Before printing the listing, strip out its pictures and keep everything else exact.
[[ Recorded data, beginning ]]
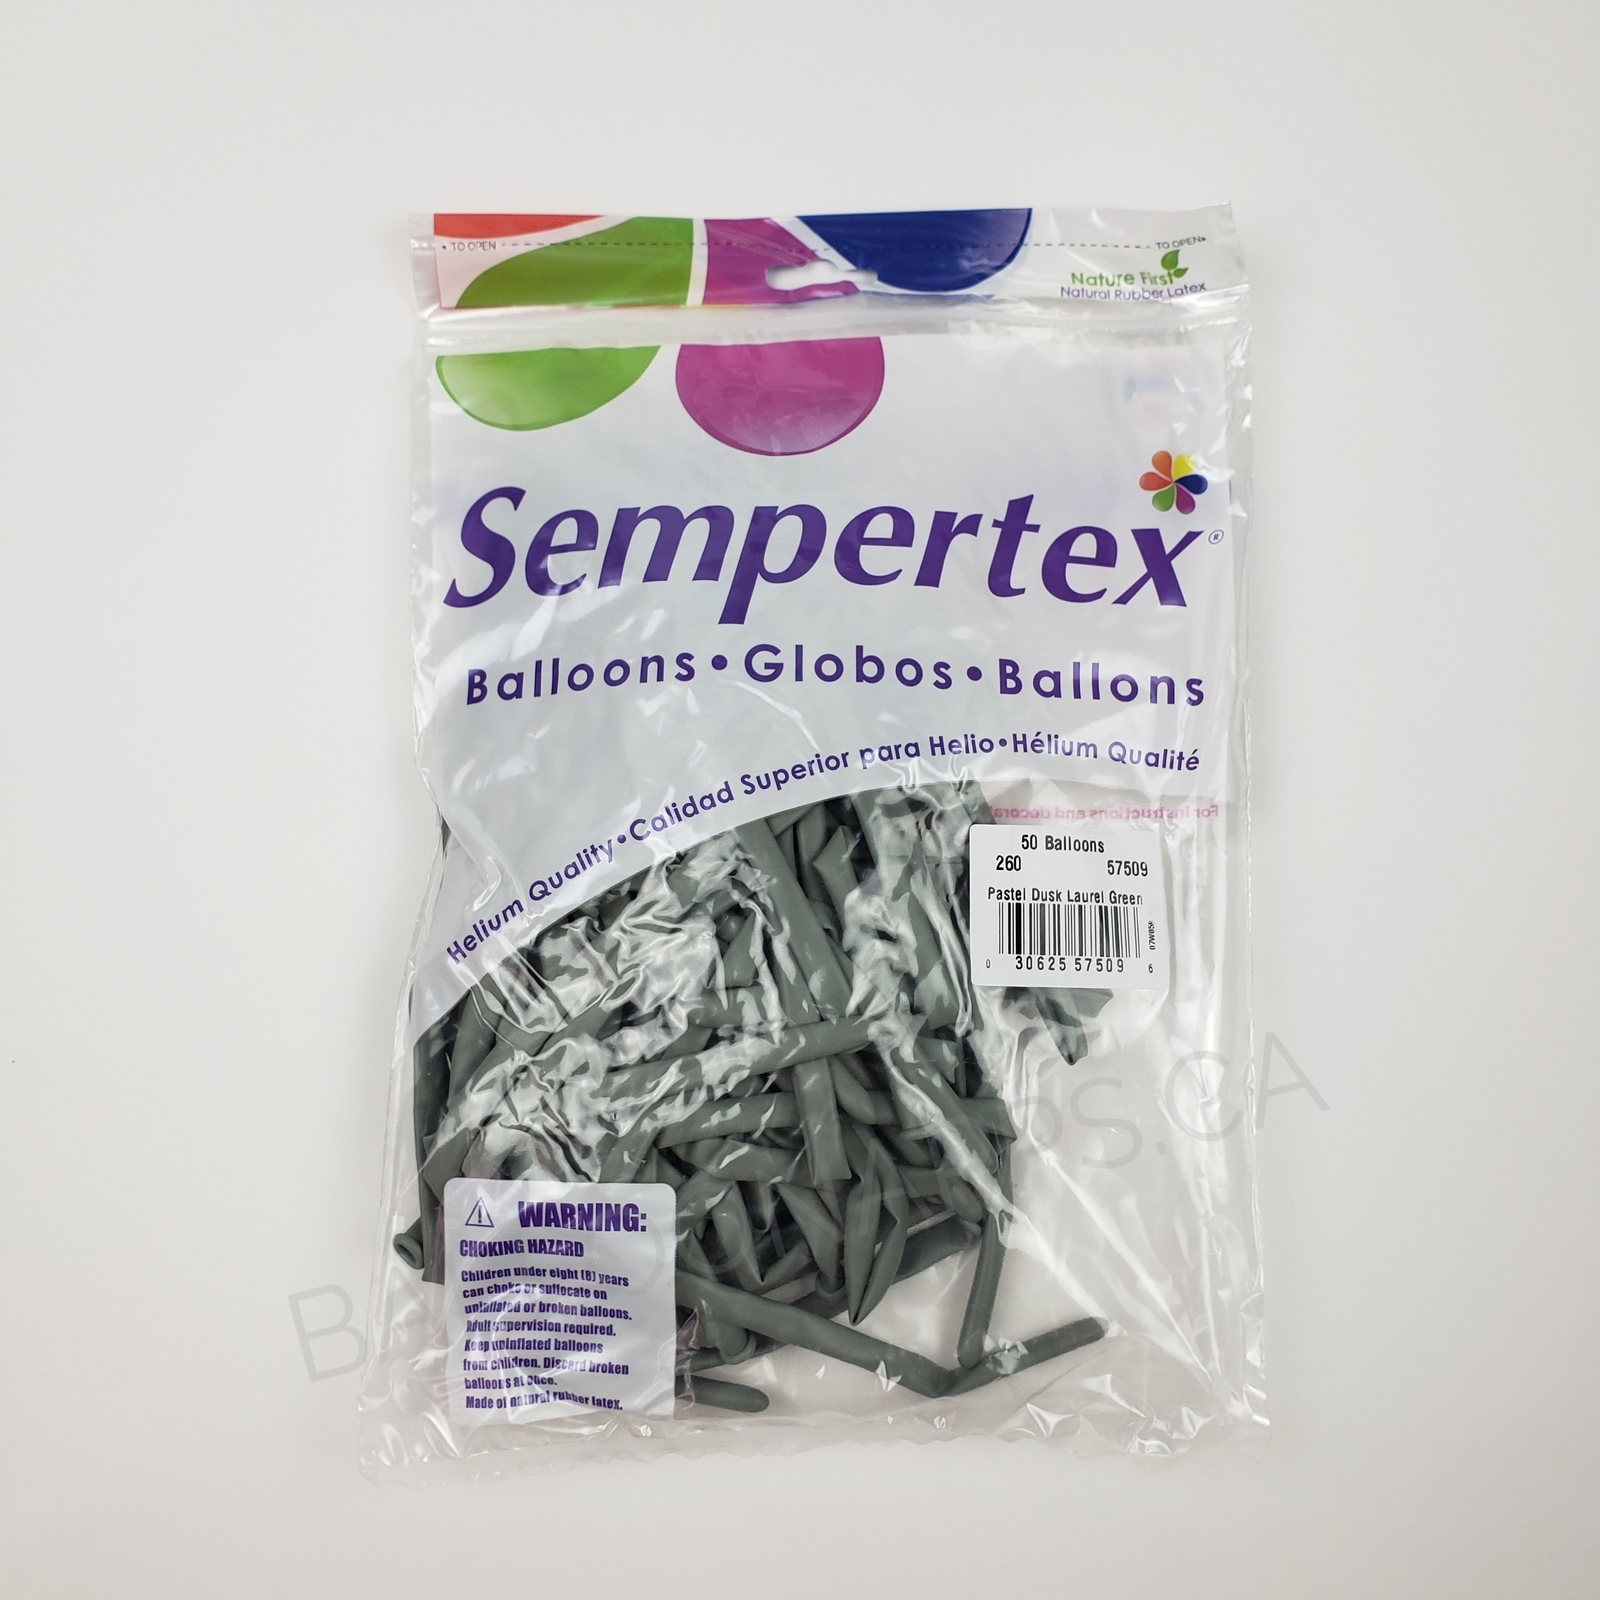 Sempertex SEM (50) 260 Pastel Dusk Laurel Green Latex balloons
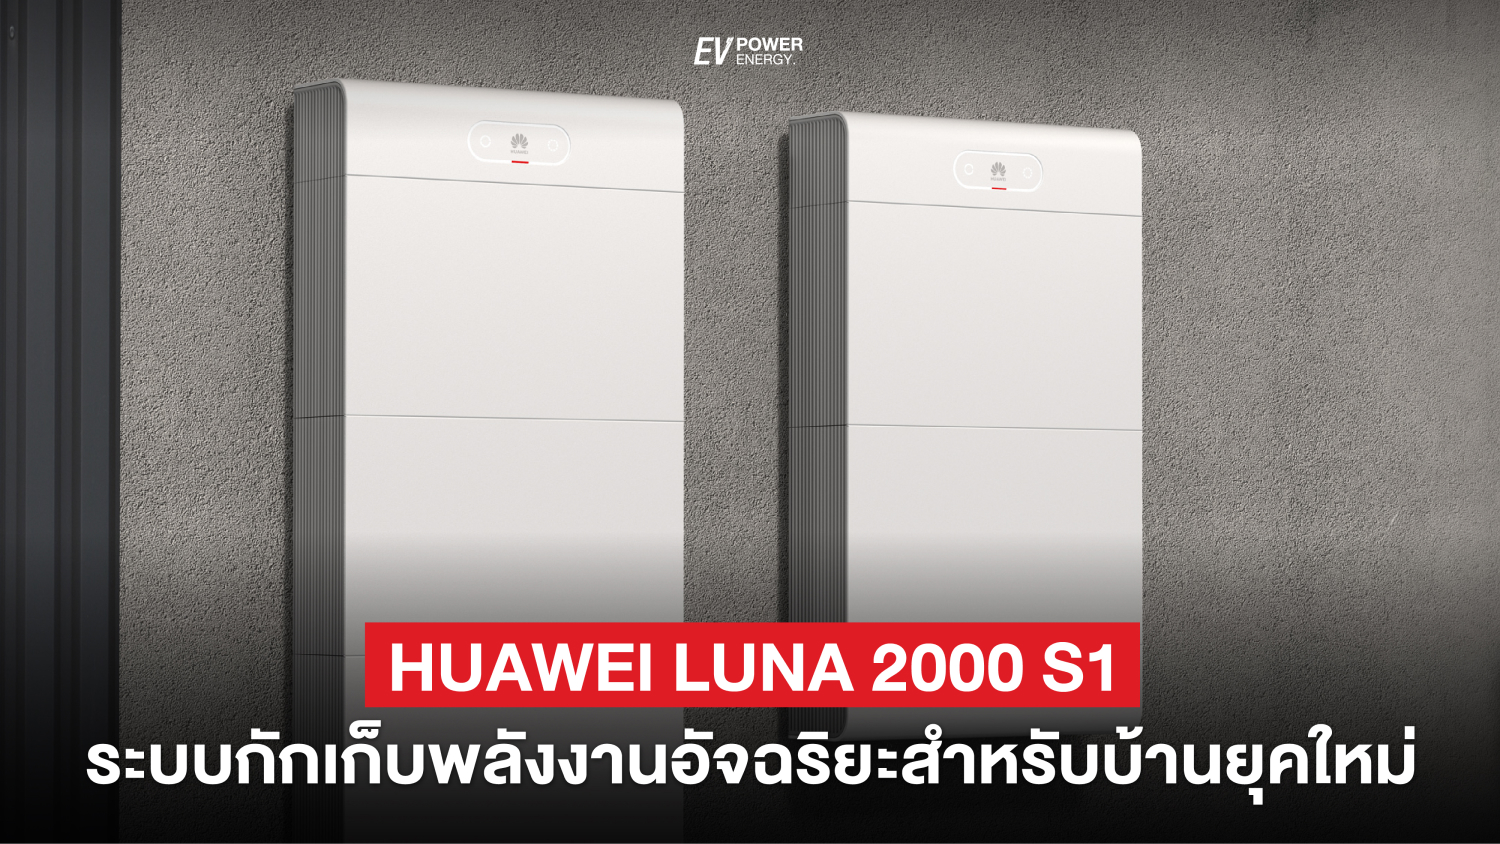 Huawei LUNA 2000 S1 แบตเตอรี่ อัจฉริยะ สำหรับบ้าน ยุคใหม่
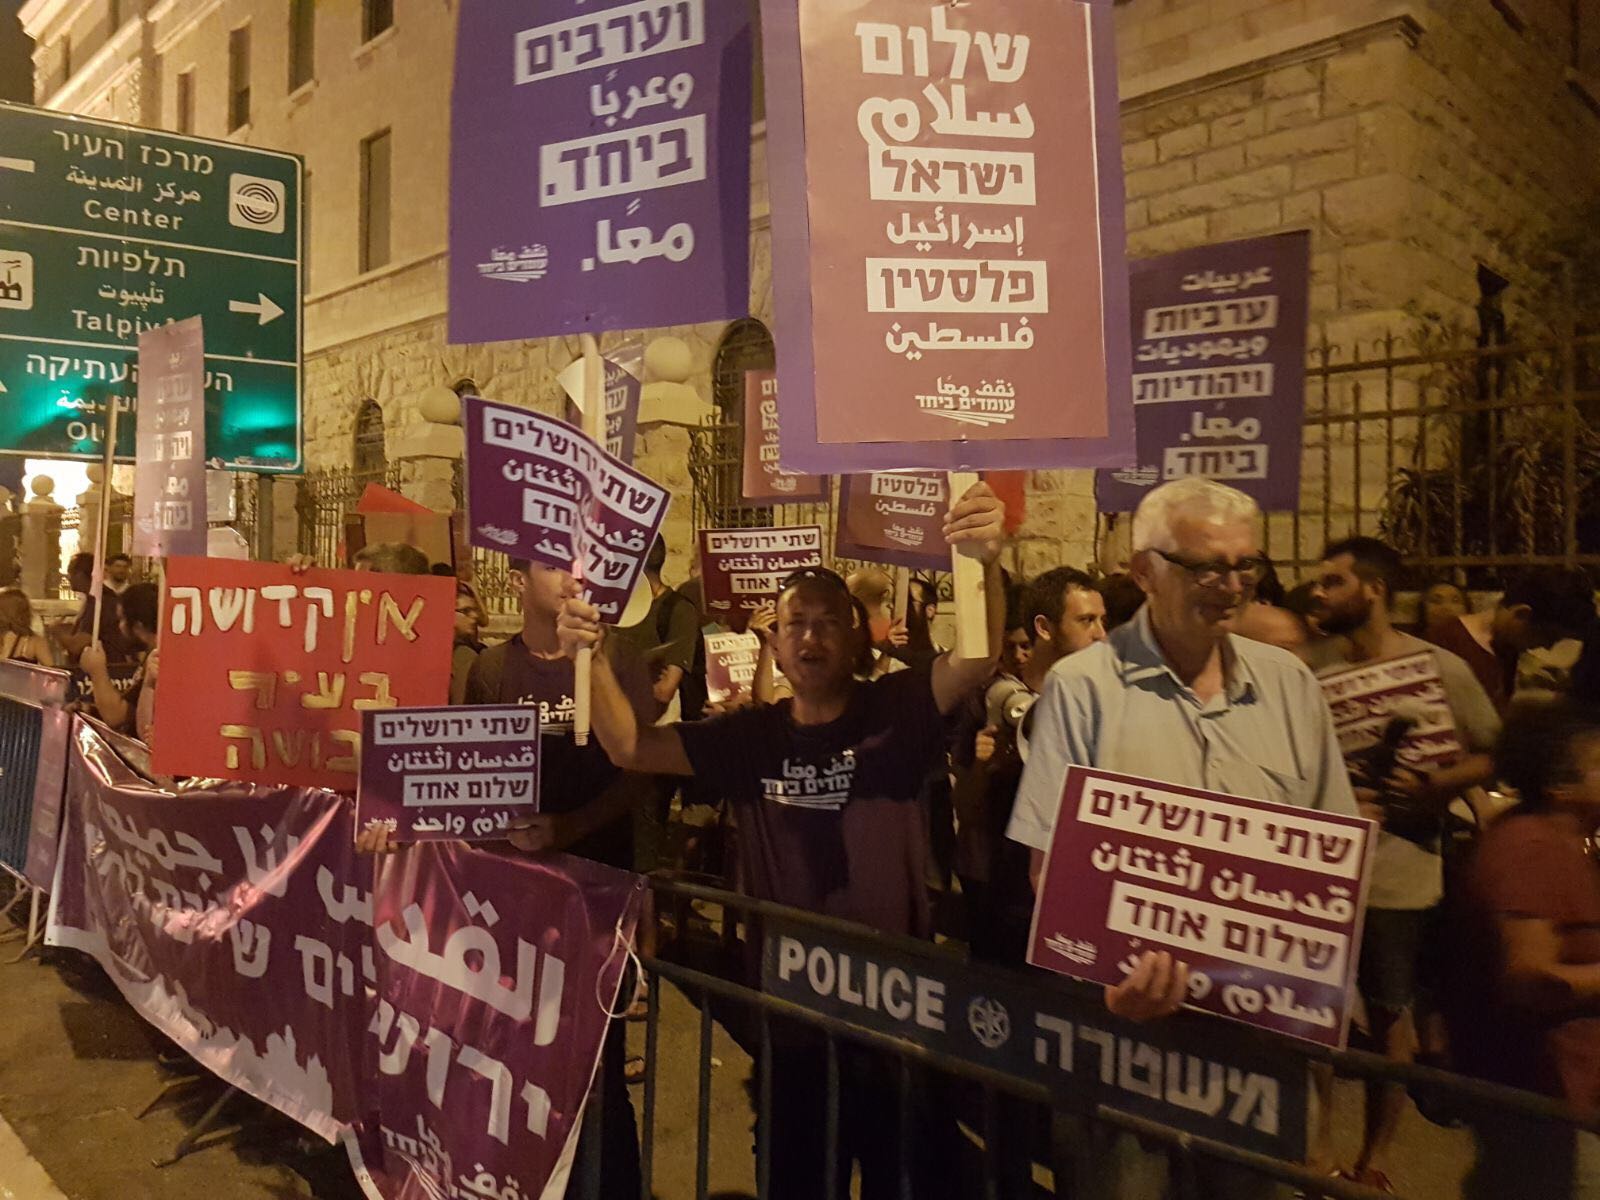 הפגנת עומדים ביחד, לוחמים לשלום ומרצ נגד ההסלמה בירושלים (צילום: עומדים ביחד)
[[ Recorded data, end ]]
# Written reply
 Sempertex SEM (50) 260 Pastel Dusk Laurel Green Latex balloons
 Huawei LUNA 2000 S1 แบตเตอรี่ อัจฉริยะ สำหรับบ้าน ยุคใหม่
 הפגנת עומדים ביחד, לוחמים לשלום ומרצ נגד ההסלמה בירושלים (צילום: עומדים ביחד)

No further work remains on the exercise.